The Wellman approach does not truly address the entire scope of ESI, and instead should be viewed more as the bar's "first generation" approach to dealing with ESI. This approach, which is the focus of most general practitioners, only differs from traditional discovery in that paper is being substituted for zeros and ones. Through OCR and coding, searching documents for certain key words is much easier, but this approach to ESI only tells the user the same essential information that a reader of a paper document would receive.
Lets say that the Wellman plant used some type of integrated sensor and alarm system that was computer controlled, that recorded real-time data, kept a log of system failures or of events leading to pollution. A "document" repository might only contain a written incident report summarizing the incident, and perhaps noting the fact that the sensor and alarm system registered the incident. Unless counsel thinks through all the levels of this transaction, the data and information available through the data files of the alarm system might not be considered. For either party in litigation, or in a contested matter over a proof of claim, or in a motion determined by management's inability to handle such events, the data from the alarm system is exponentially more valuable than a summary report, which might "omit" certain details.

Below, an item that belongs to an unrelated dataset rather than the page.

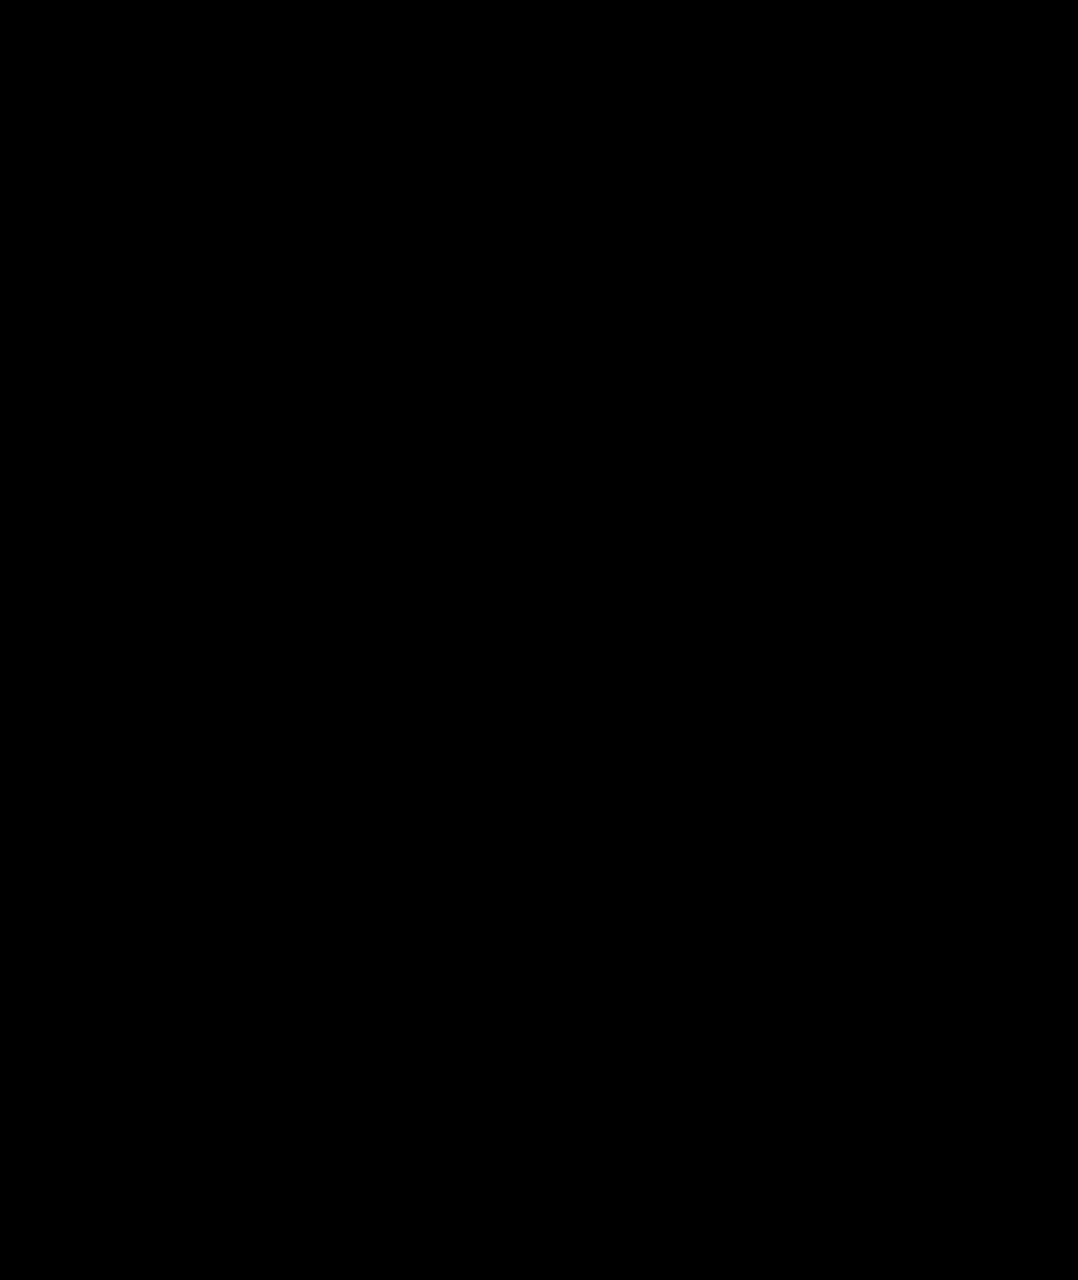 Gleithörnchen Steckbrief – Gleitvermögen, Aussehen, Lebensweise

In many cases, this "Wellman approach" is unnecessarily expensive in comparison to its actual benefits. In smaller cases in particular, documents can be scanned and ocr'ed in house by support staff. Hell, most photocopiers allow a user to scan and ocr a document (when I am not busy printing off NHRA ladders for upcoming weeks). If a matter is small enough to be photocopied in-house, why can't it be scanned and ocr'ed in house? In addition, Summation can prove to be expensive for some firms, and in my opinion, is not always terribly user-friendly. (Yes, I also know how to make coffee, send faxes, locate the key to the storage closet, and validate clients' parking. Several wise lawyers have reminded me that, if I ask support staff to do it, I need to know how to do it myself as well.)
The Wellman approach will also prove less and less effective for bankruptcy purposes, once creditors and courts require us debtor's counsel to move into "second generation" ESI. Not only do we need to understand the use and importance of software products that make up the "books and records" of the debtor, we need to understand the data files supporting the "documents" spit out by those programs. Our experts will need the data, and we have to be able to provide that data to other experts, to the US Trustee, and to the committee. We have to understand that the data constitutes property of the estate, and in many forms. And we have to know our limitations, so that we know when to call the Jack Sewards of the world so as not to screw up our client's ESI.
Now, um, if anyone in the greater Indianapolis area has any pull with any of the NHRA teams that call Indy home... you know, um, maybe put in a good word for me. I don't know anything about completely rebuilding a 7,000 h.p. engine in an hour, nor can set up a clutch to handle 320 mph speeds. I did watch a kid on Ron Capps crew last year spend all morning preparing rear tires... I think I could do that while providing valuable insights to fans in the pit area about legal developments and technology... anyone?